When he spoke, a voice came from his lips, venomous words tripping from his tongue: "it is a little mark. Shinobis are accustomed to violence. You should steel yourself. It will not get better." He stretched his hand and moved her hair aside to look at her bruised neck again, red fingerprints on the fair throat—wings pinned to the wall.
"There is no need to call in a Medic. It will heal itself." He brushed his finger against the healing skin, drawing a hiss from her, and then he drew his hand back.
"Itachi-Sama, I . . . " Hinata whispered, unsure of what to say, and fell silent again, and helpless tears threatened her composure; Sasuke attacked her, even if she had told him of her love. Her lower lip shuddered, and she felt a hard knot of pain in her heart. He really did not care . . .
"You came in late today," Itachi spoke slowly and folded his arms across his breast. Her worries were not enough to penetrate the perfect-white stone his body was sculpted from. "Perhaps you are taking advantage of the leverage you have?"
She raised her head, confusion settling upon her face. "I-I don't under—" she stopped and looked beyond the weak light of autumn sun, which came in through the window on the right.
"Do not try and play clever with me. You know why you were kept and under which circumstances you re-gained your post.
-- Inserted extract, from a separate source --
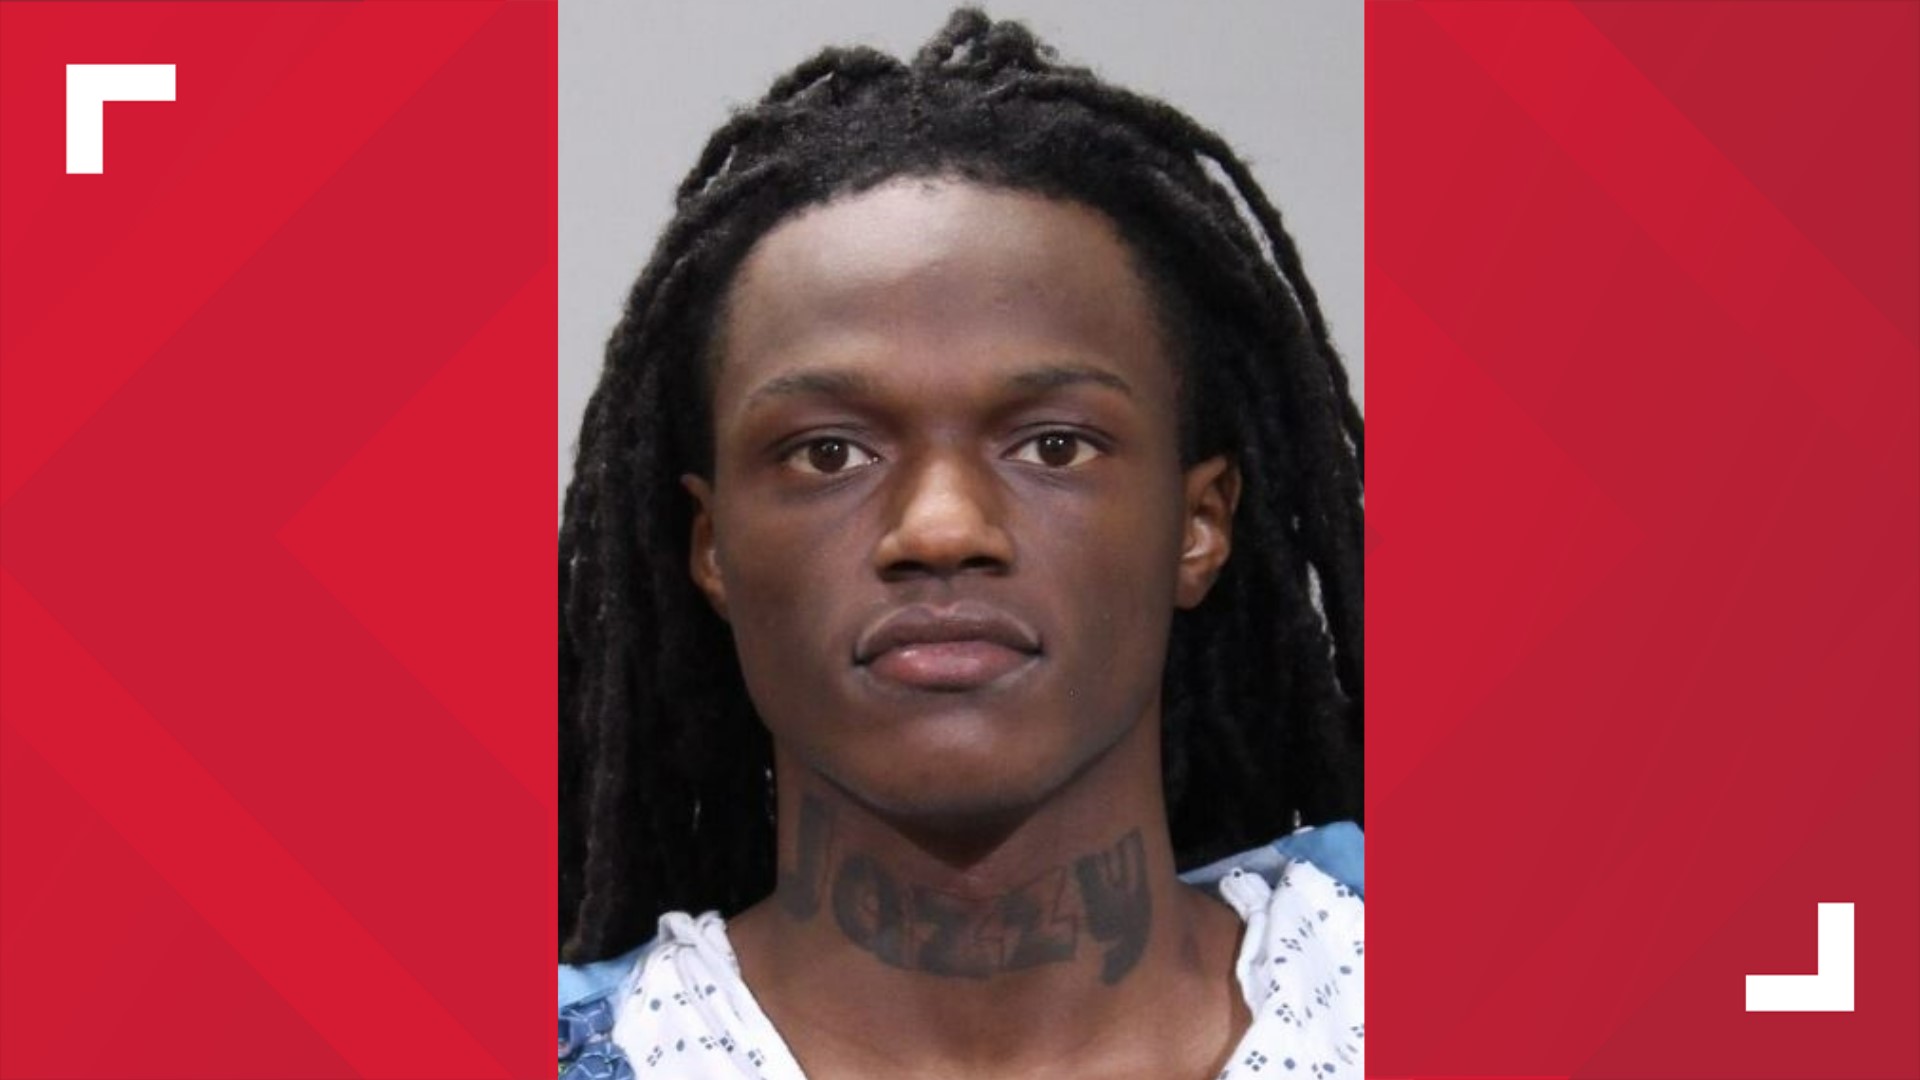 Cayon Drake is charged in connection to a shooting during a drug deal Tuesday night that left two people dead.

There is no reason for me to make you recall any theatrical show of your mishaps," he spoke, the rancour of his words hidden behind the workings of his sweetest tongue.
Hinata's cheeks burnt raw with embarrassment. It was no surprise that he loathed her with all his heart. No matter how smooth his face, how controlled his passions, his words were enough to shame her. She raised her gaze a bit to look at the same uncaring visage of arrogance look back at her—unflinching and unsympathetic; but there was no use arguing with the Commander of all Jōnin squads. No, even she was not that foolish!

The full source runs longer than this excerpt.